Malcolm Bruce: Well, the TSB is important, I agree, but the hon. Gentleman knows perfectly well that the Bank of Scotland and the Royal Bank of Scotland play a considerable part, and that, because of the decisions made by those banks, Scottish post offices will be significantly disadvantaged in regard to revenue potential, compared with those in England, yet there is no plan to offset or compensate them for that.

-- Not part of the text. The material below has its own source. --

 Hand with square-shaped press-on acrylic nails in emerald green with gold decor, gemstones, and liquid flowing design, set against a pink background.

The contention that my colleagues and I are making is that change is necessary and desirable. However, a lot of what the Government call investment is actually dead money being paid to shrink the network. In reality, the Post Office needs investment to develop new services, and Royal Mail needs investment to compete with the private sector. The Government's business plan does not inspire confidence that either of those two wings of the post office network will be able to make the investment needed, on the scale required and in the time scale that we face, to deliver a viable, profitable future. In those circumstances, the question will continue to be asked as to whether the Government really are in control of Royal Mail and the Post Office.

5.17 pm

Mr. Martin O'Neill (Ochil) (Lab): When I got back last night from a foreign trip with the Trade and Industry Committee and read my Whip, I saw that today's debate was to be on postal services, so I thought that we would be discussing the delivery of letters. However, such is the understandable ambition of a frustrated Opposition Front Bencher that a scattergun approach has been adopted and everything is the subject of attack. I suppose I shall have to revise my notes a little as a result.

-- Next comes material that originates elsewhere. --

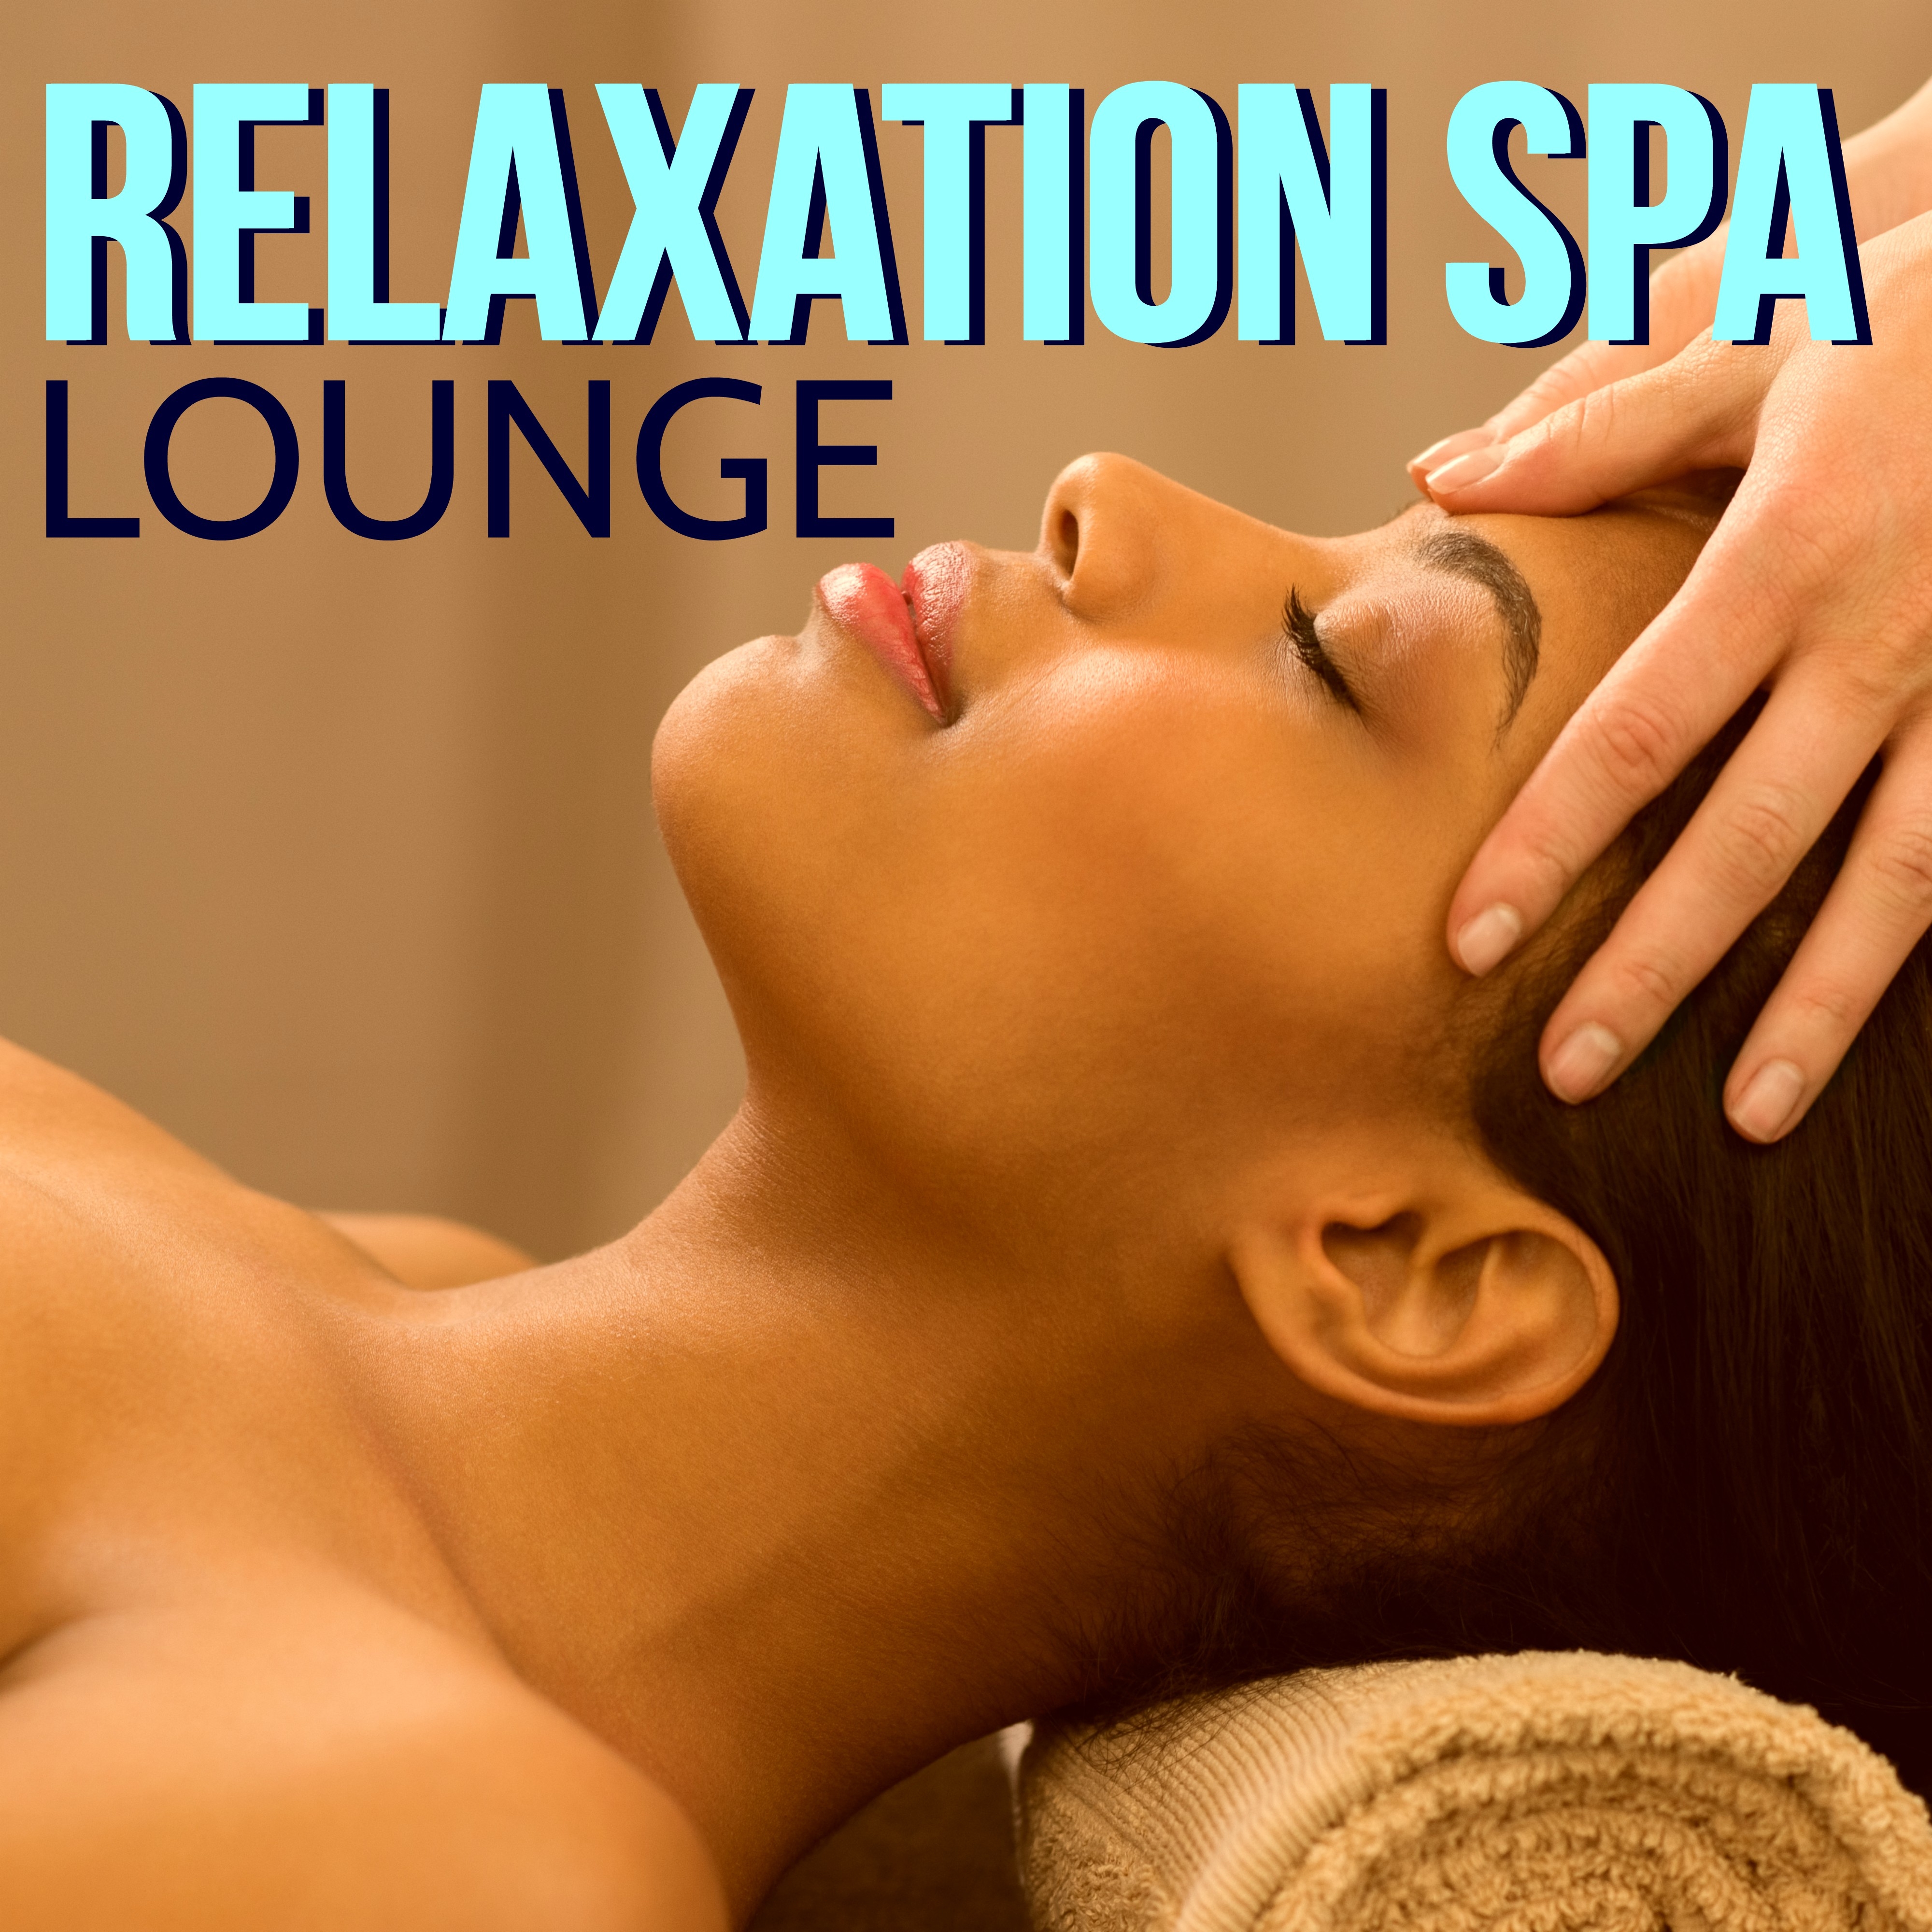 Relaxation Spa Lounge - Chillout Ambient Music & Chillax Lounge Music

I want to start by discussing the Royal Mail. I welcome a debate on this subject, because it is probably an appropriate time to have a discussion in the House on this issue. The Royal Mail has had a chequered experience in recent months—I use the term "months" rather than "years". Last September, a vote was taken on a strike and, to my surprise, it was won by the management. I had thought that other factors were at work and that the workers would come out.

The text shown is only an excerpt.